2. TELEMETRY

3. OVERVIEW OF TELEMETRY SYSTEM The purpose of telemetry system is to reliability and transparently convey measurement information from remotely located data generating source to users located in space or in Earth. The CCSDS is broken down in 2 categories: –Packet Telemetry: the end-to-end transport of mission data. –Telemetry Channel Coding: is a method by which data can be sent from a source to a destination. This allows reconstruction of the data with low error probability. The CCSDS Recommendations only address the five lower layers of ISO-OSI model.

4. RELATIONSHIP BETWEEN TELEMETRY AND TELECOMMAND SYSTEMS The two systems work hand in hand to assure the transfer of user directives from the sending end to the receiving end. The Telemetry System does a great does more than simply returning command receipt status information to the sender: it’s usual function is to provide reliable, efficient transfer of all spacecraft data back to user.

5. PACKET TELEMETRY: Sharing transmission resources Multiple users must share access to the downlink data channel whit different types of data may be handled differently. This Recommendation provides the method of virtual channelisation for controlling the data flow. If a payload contains an instrument which produces packets containing many thousands of octets, a possible system architecture would be to assign the instrument packets to one virtual channel and to handle the rest by multiplexing them into a second virtual channel. Virtual channels may also be used to separate real-time packets from recorded packets.

6. Example of Telemetry Data Flow

7. SOURCE PACKET The source packet is a data structure generated by an on-board application process. It can be generate at fixed or variable intervals and may be fixed or variable in length. The source packet is completely under the control of the application process. Each data source is thus able to define its data organisation independently of other data source A source packet which contains idle data in its packet data field is called an IDLE PACKET, it may be generated when needed to maintain synchronisation of the data transport and the packet extraction processes. A series of source packets generated consecutively by a single application process may be designed as a Group of Source Packets.

8. SOURCE PACKET A source packet encapsulates a block of application data which have to be transmitted from an application process in space to one or several sink processes on the ground. Two major fields –Packet Primary Header(48 bit) –Packet Data Field(variable) A source packet shall consist of at least 7 and at most 65542 octets.
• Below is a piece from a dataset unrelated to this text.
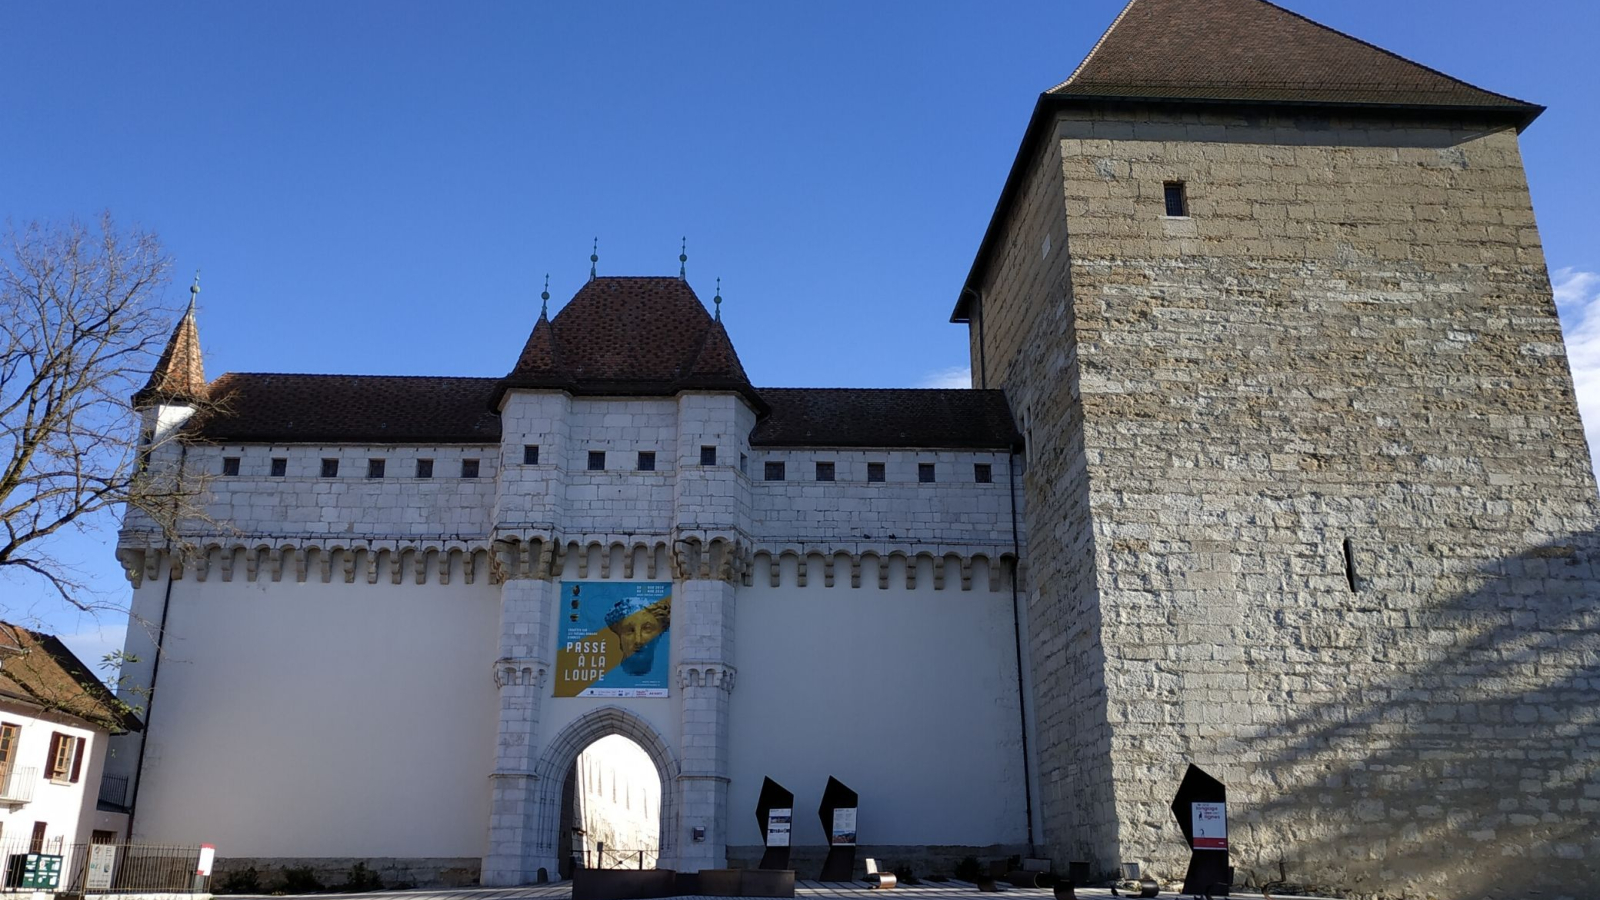 Annecy castle / museum

9. Packet Primary Header The VERSION NUMBER contained within the bits 0-2 and shall be set to “000”. The PACKET IDENTIFICATION FIELD (bit 3-15) 13-bits fields –Type indicator shall be set to “0” (for telecommand packets the type indicator will be set to”1”). –Packet secondary header flag It shall be “1”, if a packet secondary header is present; it shall be “0”, otherwise. –Application process identifier (bit 5-15) shall be different for different application processes on the same master channel. For idle packets, it shall be “11111111111”,i.e., all one.

10. Packet Primary Header The PACKET SEQUENCE CONTROL FIELD (bit 16-31) 16-bits field –Grouping flag shall be set as follows: “01” for the first source packet of a group; “00” for a continuing source packet of a group; “10” for a last source packet of a group; “11” for a source packet not belonging to a group. –Source sequence count shall provide the sequential binary count (modulo 16384) of each source packet generated by an application process. For idle packets are not required to increment this field. The purpose of the filed is to order this packet. The field will normally be used in conjunction whit a Time Code to provide unambiguous ordering.

11. Packet Primary Header The PACKET DATA LENGTH FIELD (bit 32-47) 16-bits field –This field contains a binary number equal to the number of octects in the packet data field minus 1. –The value contained may be variable and shall be in the range of 0 to 65535 Very long packets are permissible, these may present special problems in term of data link monopolisation, source data buffering and may add complexity to ground processing. The Recommendation therefor provides the means to assign these packets to individual Virtual Channels

12. Packet Primary Header The PACKET DATA FIELD shall contain at least one octet –Packet secondary header is optional (signalled by the flag) and it shall consist of either: a packet secondary header DATA field contains any ancillary data necessary for the interpretation of the information contained within the Source Data Field. or packet secondary header TIME CODE field consists of an optional P-Field which identifies the time code and its characteristic, and a mandatory T-Field. or a packet secondary header TIME CODE field followed by a packet secondary header DATA field –Source data field shall contain an integral number of octets either source data from an application process or idle data.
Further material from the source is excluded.